Rick Grimes and his band of survivors have taken shelter from the zombie menace in an abandoned prison, only to become embroiled in an internal dispute. The arrival of a mysterious, katana-wielding woman sows further discord amongst the survivors. Events eventually prompt a moment of revelation for Rick.
The Heart's Desire is the fourth graphic novel in The Walking Dead series, Robert Kirkman's 'zombie movie that never ends'. It immediately picks up the storyline after the third book, Safety Behind Bars and...well, doesn't go very far at all.

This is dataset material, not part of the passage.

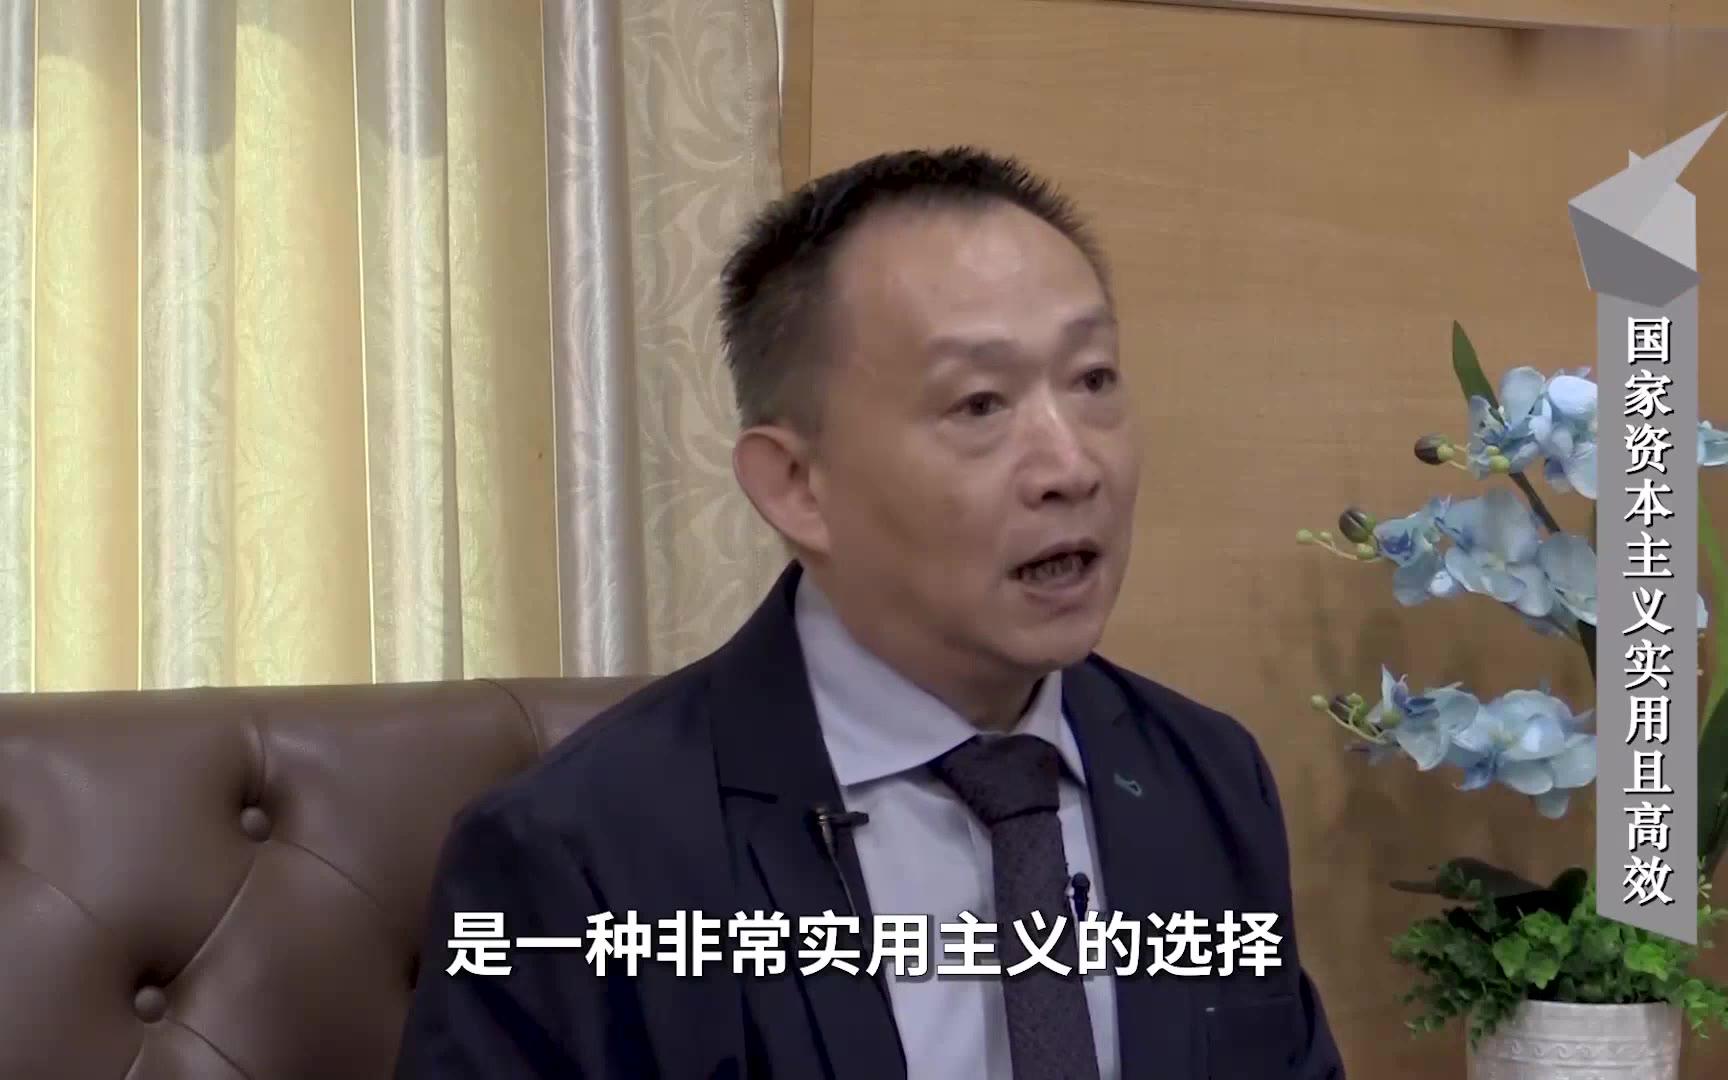 卢麒元:针对资产和资本利得的课税一旦开始,中国将进入到一个崭新的阶段【麒元视角-6】

The Heart's Desire can best be summed up as the Crossroads of Twilight (the infamously static tenth novel of Robert Jordan's Wheel of Time sequence) of The Walking Dead. Nothing much happens of consequence to the overall story arc. The characters regrouping and taking stock of themselves after the first three books would make sense, but Kirkman is not a sufficiently good-enough writer of character to make this work across such a length of time. He is solid at plotting and structure, but his characterisation skills are highly variable (at best) and quite lacking during this particularly collection. The story breaks down into a melodramatic soap opera, with characters more concerned about who is sleeping with who and who should be in charge than actually dealing with the zombie menace or their own survival.
There are flashes of competence here, but these are not developed far enough. Michonne has a hell of an entrance and shakes things up a bit, but then doesn't really do anything. Rick angsts at some considerable length about the burden of command which would have made for a more interesting storyline if it hadn't been so badly-written. In fact, the entire book seems to be building to Rick's moment of self-revelation at the end which is puzzling: Rick realising that the zombies are not the 'walking dead' is something I think most readers latched onto in issue #1, and is the reason for the title of the entire comic book series. Kirkman presenting it as some kind of massive plot twist is simply inexplicable, and ends the book on a completely pointless note that led this reader with little desire to read on in the series. It is rather telling that the upcoming third season of the TV show will apparently condense the events of the third graphic novel with the one or two that come after it to create a far more compelling narrative than relying on the events of the third and fourth books alone.
The Heart's Desire (**) is a seriously sub-par and disappointing entry to The Walking Dead franchise. It is available now in the UK and USA.